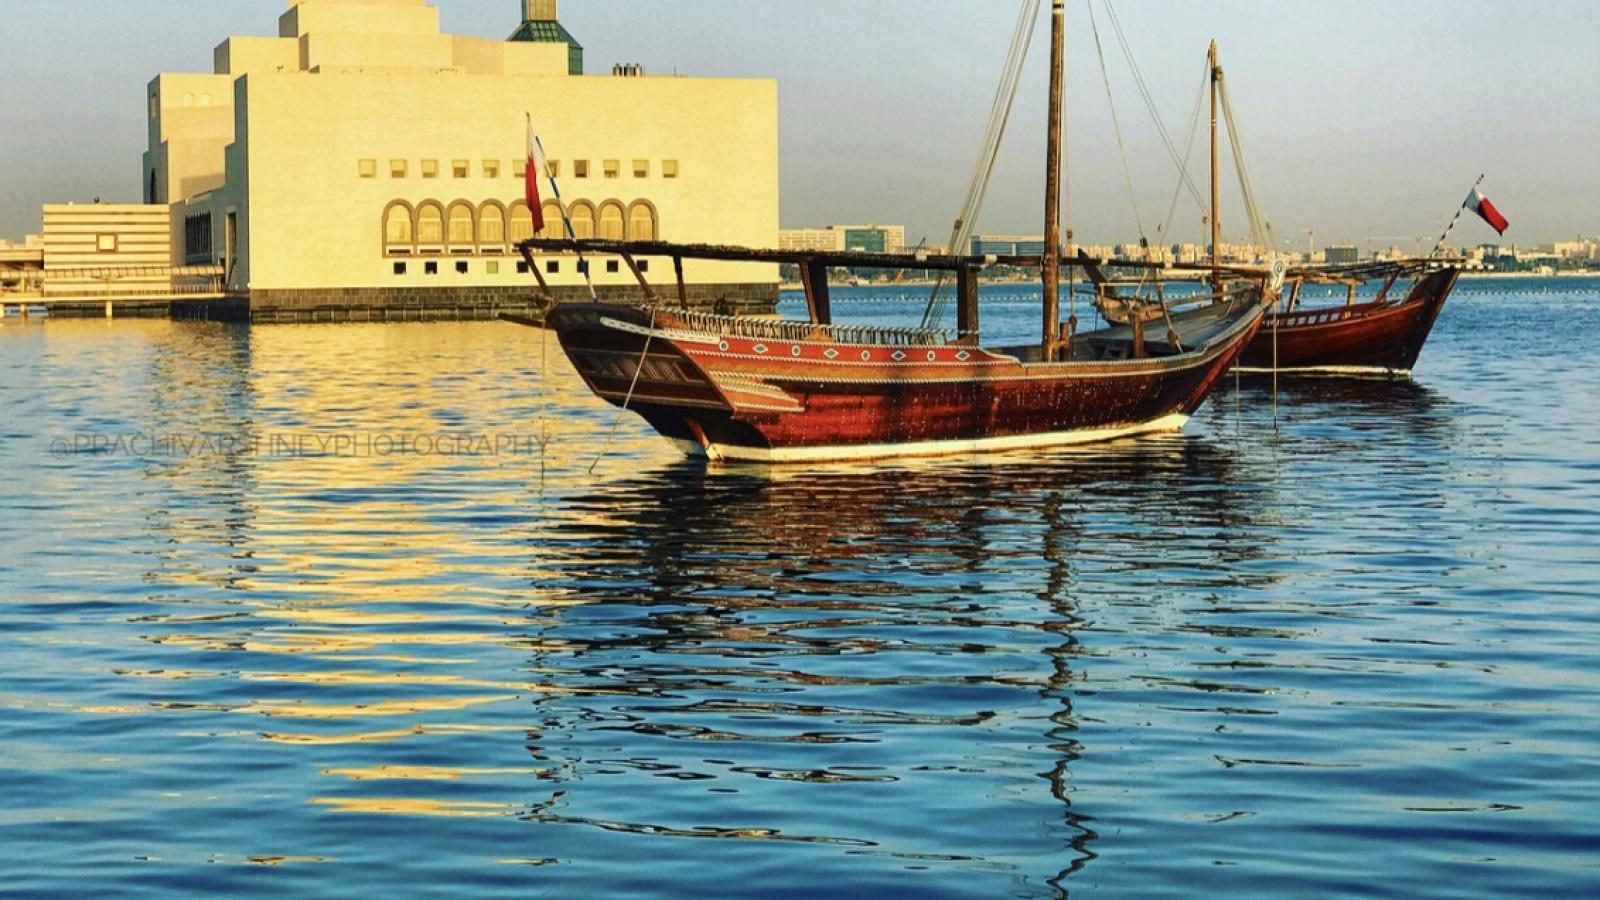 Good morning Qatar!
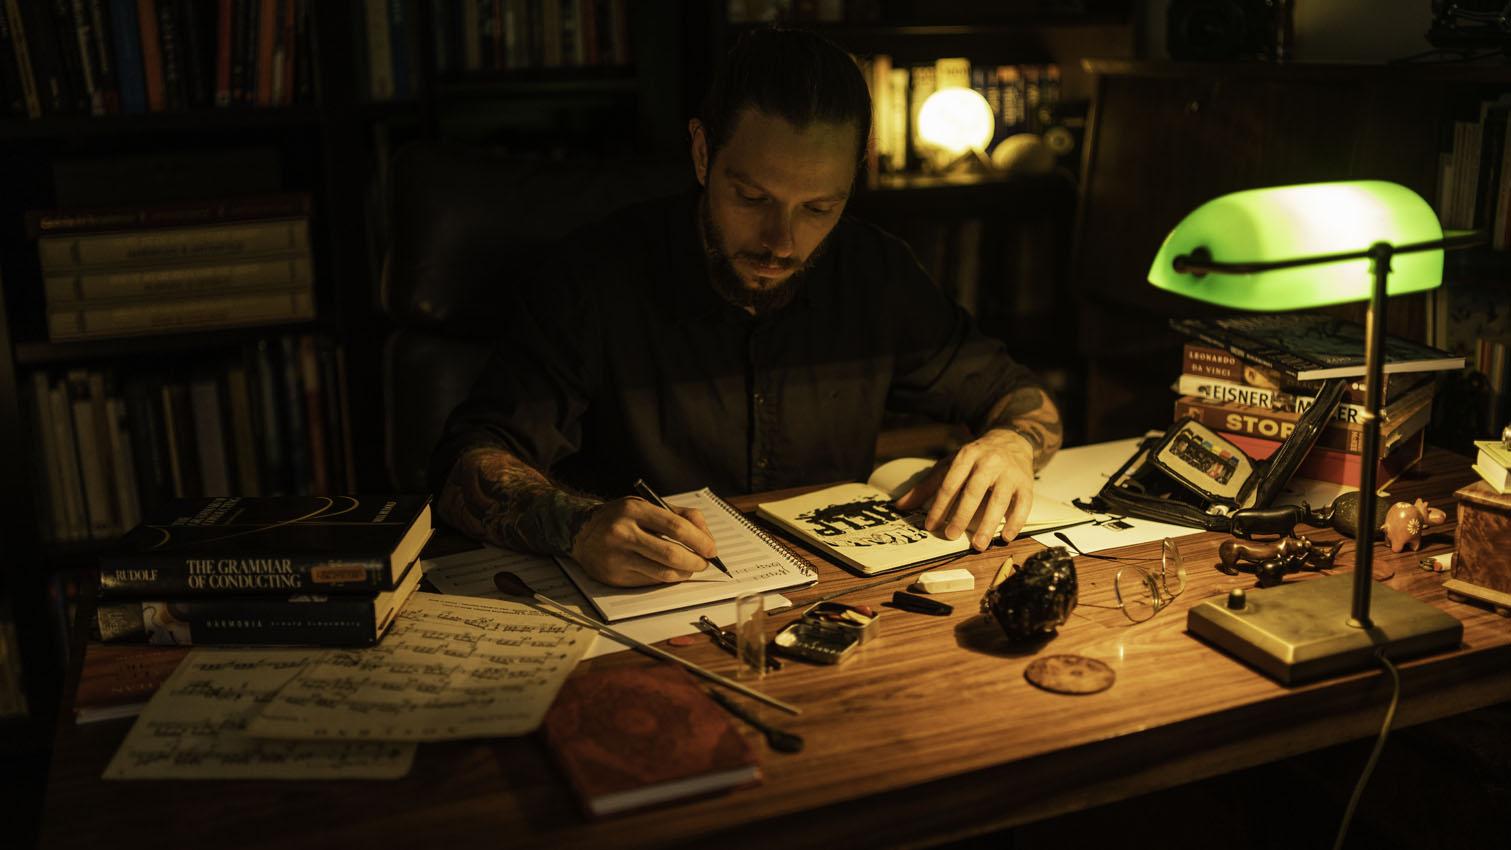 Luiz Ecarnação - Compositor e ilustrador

********

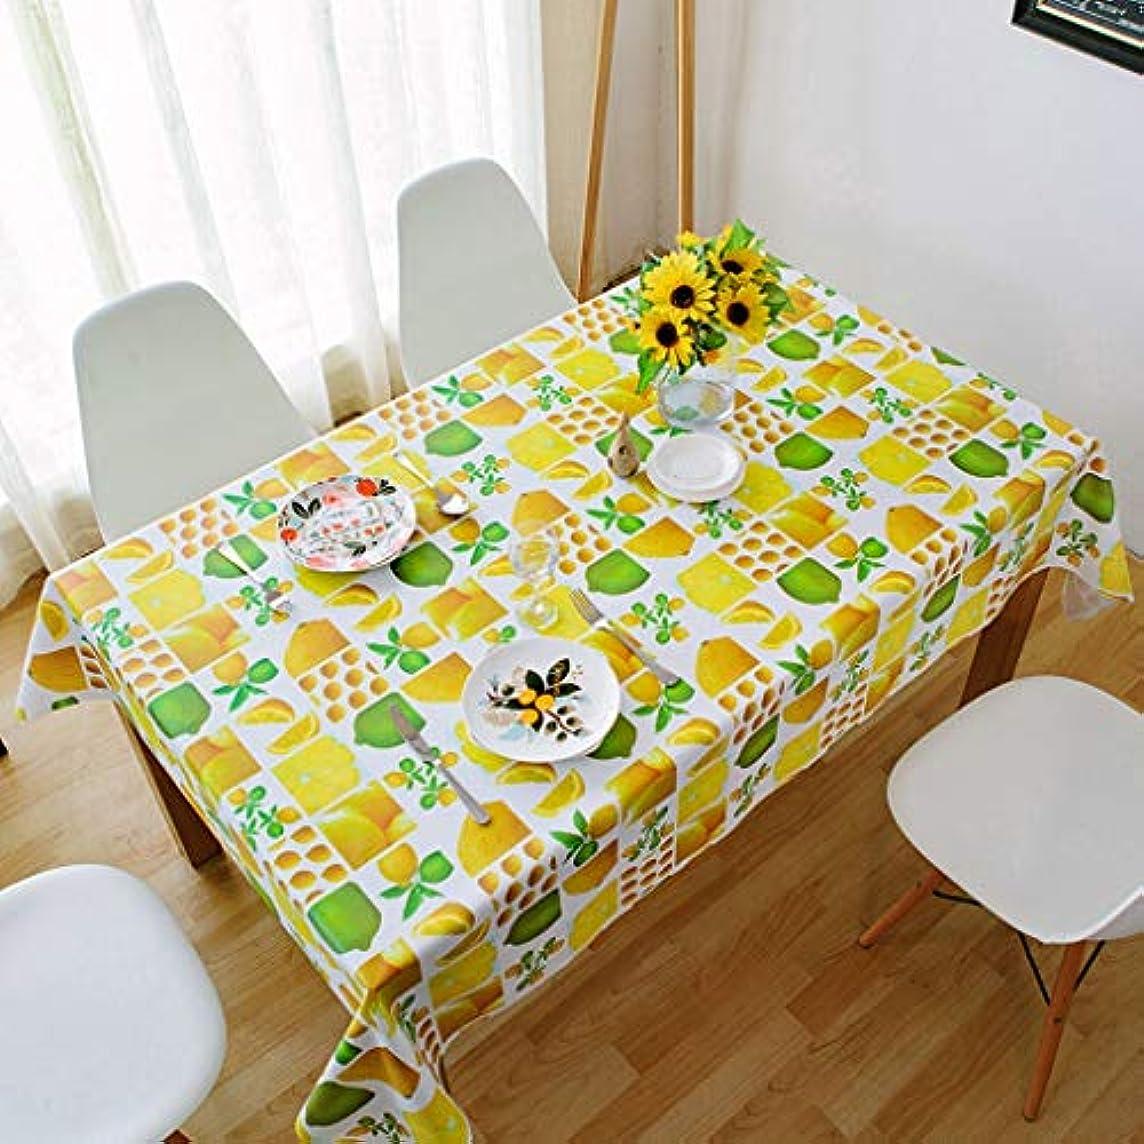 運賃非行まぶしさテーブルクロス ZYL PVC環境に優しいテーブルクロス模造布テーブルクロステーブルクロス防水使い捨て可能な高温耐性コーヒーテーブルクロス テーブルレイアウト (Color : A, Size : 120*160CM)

********

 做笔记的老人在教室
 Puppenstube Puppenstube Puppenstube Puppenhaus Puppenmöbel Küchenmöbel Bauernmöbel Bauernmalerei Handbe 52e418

********

### WHAT YOU HAVE TO DO
From the data above, retype only the lines starting with the line with "Good morning Qatar!" and going on through the line with "Luiz Ecarnação - Compositor e ilustrador", exactly, leaving out the pictures.

### EXPECTED OUTPUT
 Good morning Qatar!
 Luiz Ecarnação - Compositor e ilustrador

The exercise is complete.